3. DNA polymerase joins them together by forming phosphodiester bonds, resulting in two identical strands of DNA.

Question 40

What is ATP?

Answer 40

Adenosine triphosphate consists of ribose, adenine and three phosphate groups.
- Energy is released when ATP is hydrolysed to from ADP and a phosphate molecule.
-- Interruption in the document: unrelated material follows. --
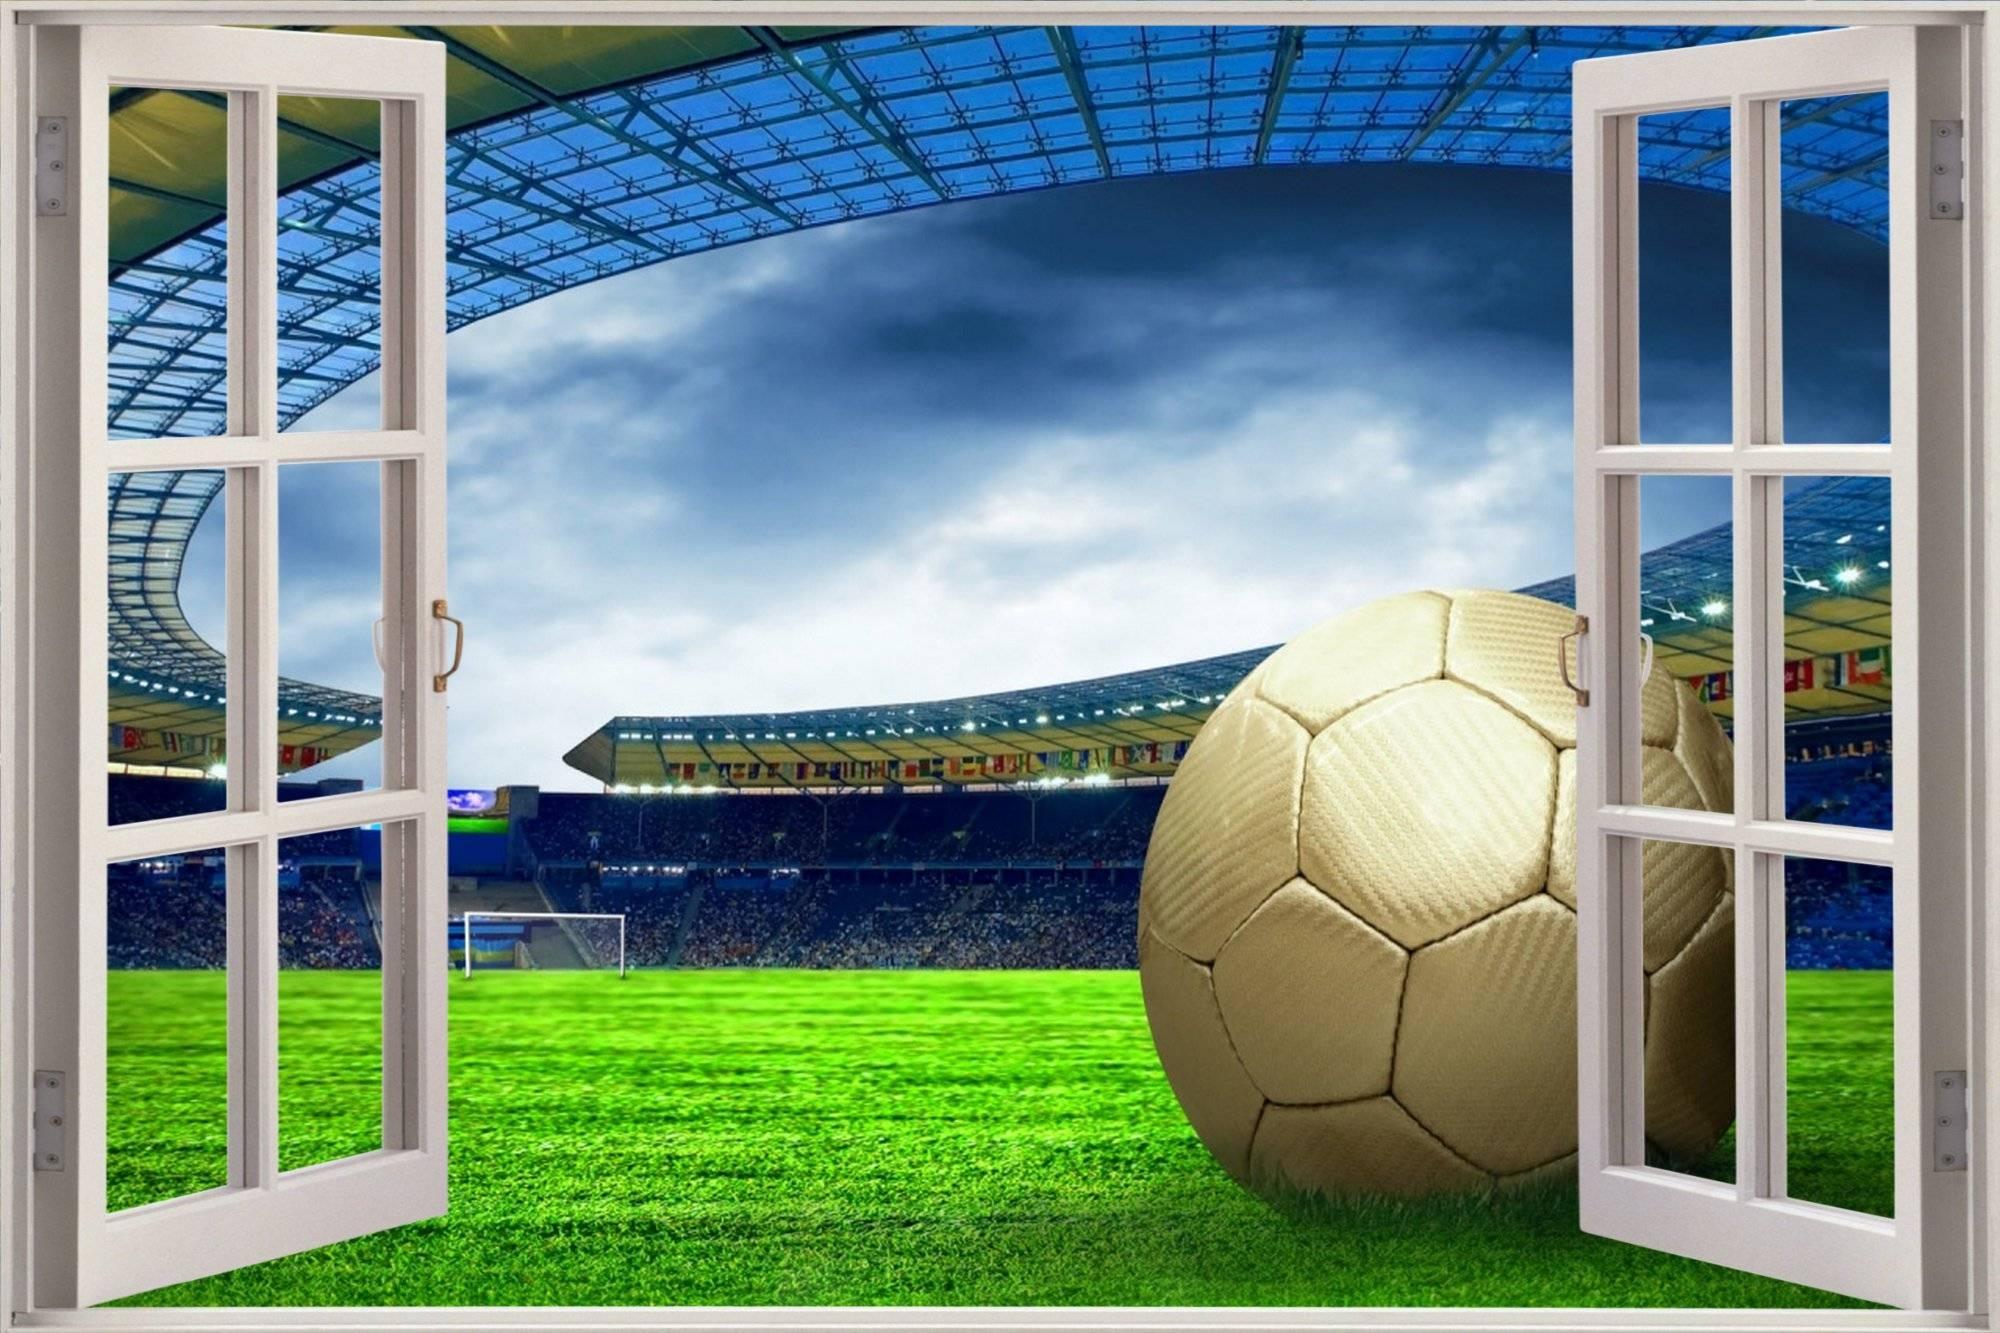 3D Wall Art Football | Wallartideas Throughout Recent 3D Stadium View Wall Art (Gallery 8 of 20)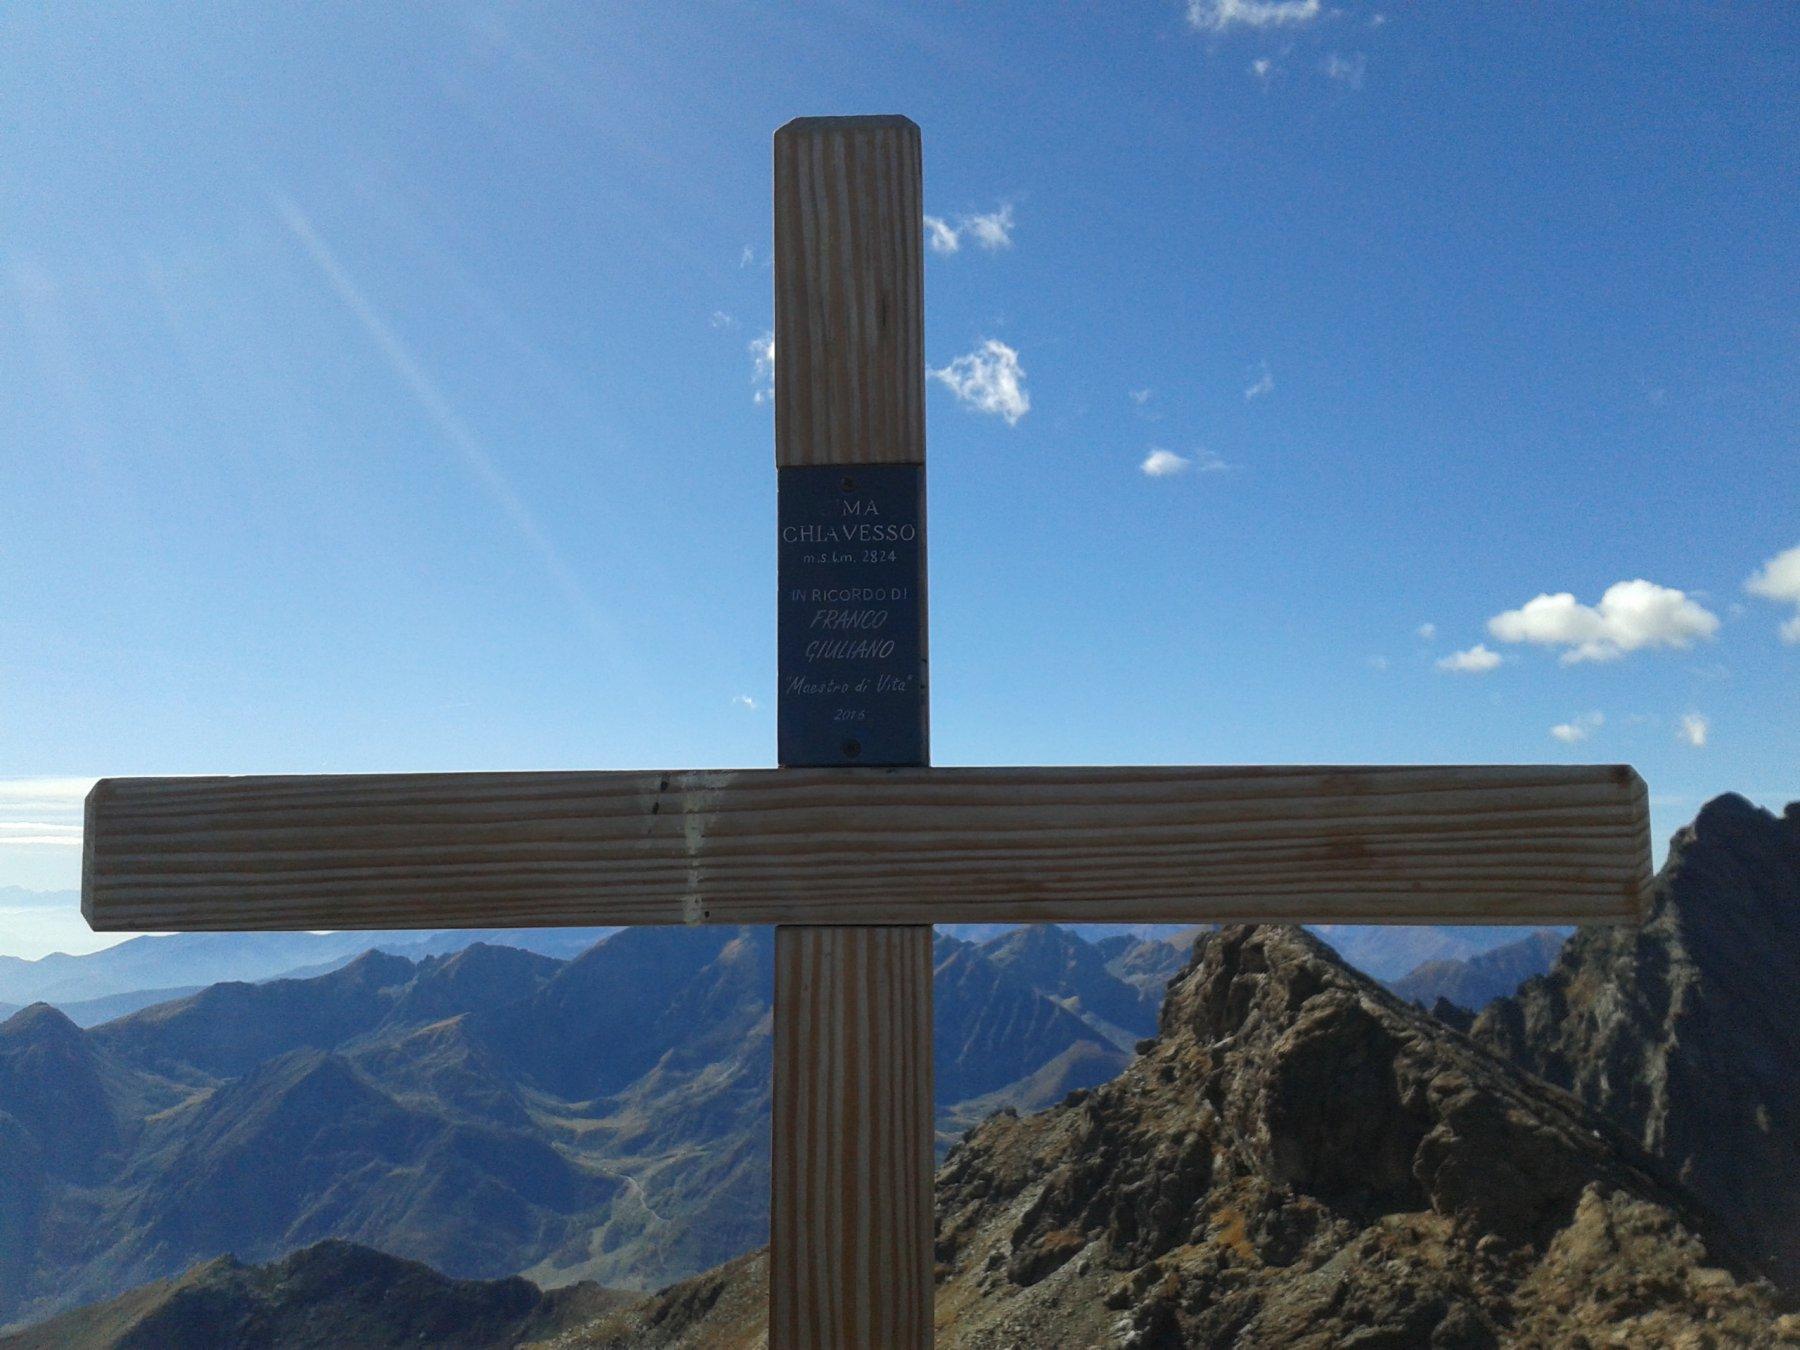 Nuova croce di vetta (2016) e targa in memoria

This process is catalyse by ATP hydrolyse
- Inorganic phosphate can be used to phosphorylate other compounds.
- Condensation of ADP and inorganic phosphate is catalysed by ATP synthase produces ATP during photosynthesis and respiration.

Question 41

What are the properties of ATP?

Answer 41

• It is an immediate source of energy.
• ATP isn’t stored and can be reformed from ADP in seconds.
• Metabolic processes, movement, active transport, secretion and activation of molecules.

Question 42

What is water?

Answer 42

It is a polar molecule, a metabolite, a solvent, has a high specific heat capacity, large latent heat of vaporisation and a strong cohesive.

Question 43

What are the properties of water?

Answer 43

• Polar Molecule = due to uneven distribution of charge, allows many water molecules to stick together.
• Metabolite = in condensation and hydrolysis.
• Solvent = things can dissolve in it.
• High SHC = minimises temp fluctuations so it acts as a buffer.
• Large LHV provides a cooling effect.
• Strong cohesion = supports columns of water so the surface tension at the water-air boundary is high.

Question 44

What are inorganic ions?

Answer 44

They occur in solution in the cytoplasm and body fluid of organisms.

Question 45

What are some of the essential inorganic ions?

Answer 45

Hydrogen ions = determine the pH (the higher the concentration of hydrogen ions the lower the pH.
Iron ions = component of haemoglobin.
Sodium ions = involved in co-transport of glucose and amino acids.
Phosphate ions = component of DNA and ATP.